Six clinical and laboratory variables, measured at the time of CDI diagnosis, were combined in order to assess their correlation with treatment response in a large CDI clinical trial database (derivation cohort). The final categorization scheme was chosen in order to maximize the number of categories (discrimination) while maintaining a high correlation with clinical cure assessed two days after the end of therapy. Validation of the derived scoring scheme was done on a second large CDI clinical trial database (validation cohort). A third comparison was done on the two pooled databases (pooled cohort).
In the derivation cohort, the best discrimination and correlation with cure was seen with a five-component ATLAS score (age, treatment with systemic antibiotics, leukocyte count, albumin and serum creatinine as a measure of renal function), which divided CDI patients into 11 groups (scores of 0 to 10 inclusive) and was highly correlated with treatment outcome (R2=0.95; P<0.001). This scheme showed excellent prediction of cure in the validation cohort (overall Kappa=95.2%; P<0.0001), as well as in the pooled cohort, regardless of treatment (fidaxomicin or vancomycin).

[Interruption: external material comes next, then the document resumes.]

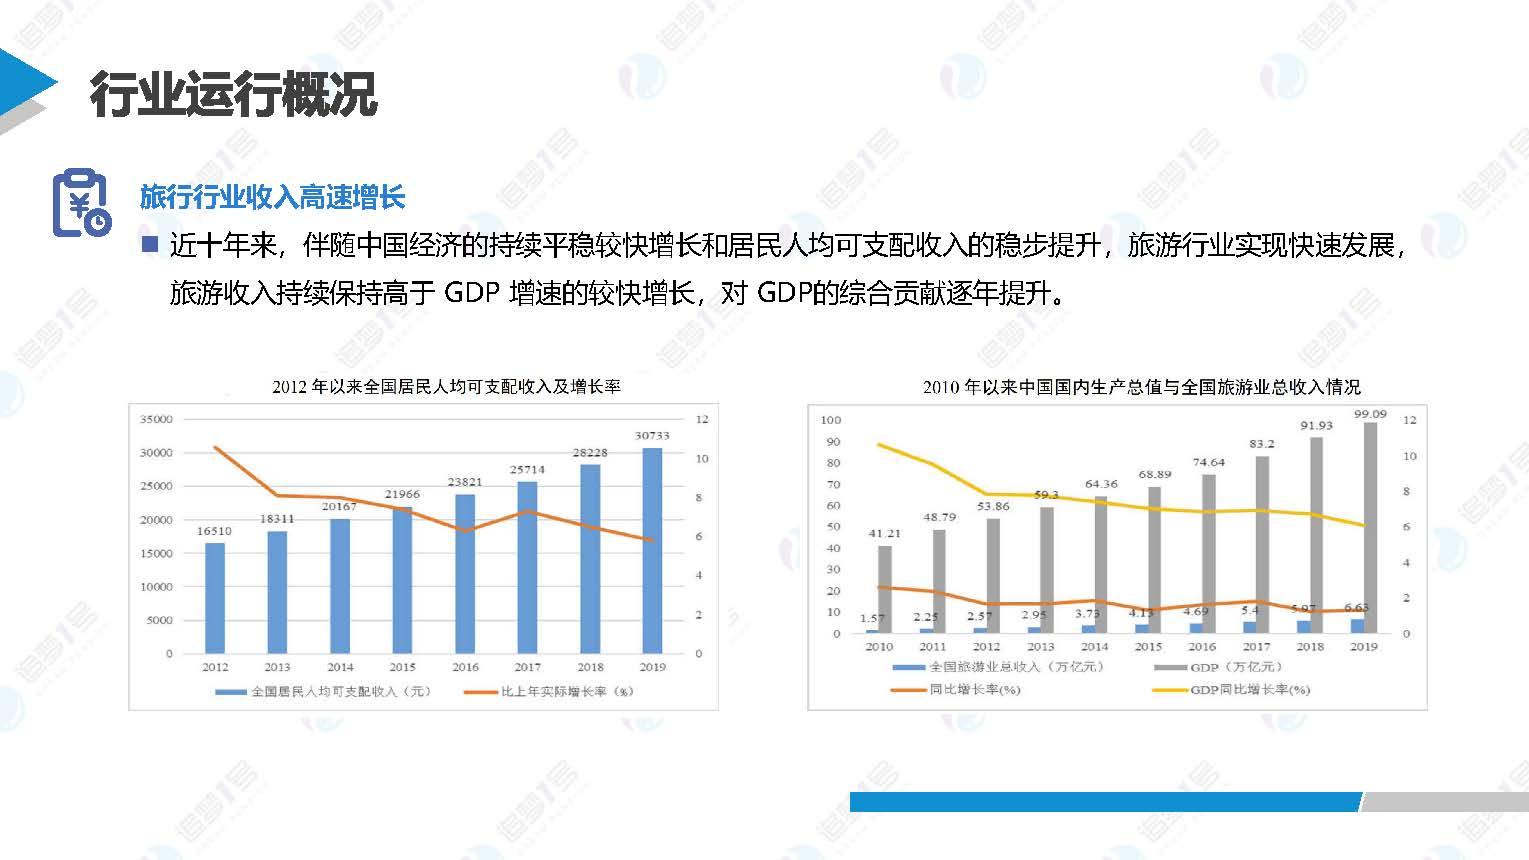 中国旅游行业研究 _页面_13.jpg

A combination of five simple and commonly available clinical and laboratory variables measured at the time of CDI diagnosis, combined into a scoring system (ATLAS), are able to accurately predict treatment response to CDI therapy. The ATLAS scoring system may be useful in stratifying CDI patients so that appropriate therapies can be chosen to maximize cure rates, as well as for categorization of patients in CDI therapeutic studies in order allow comparisons of patient groups.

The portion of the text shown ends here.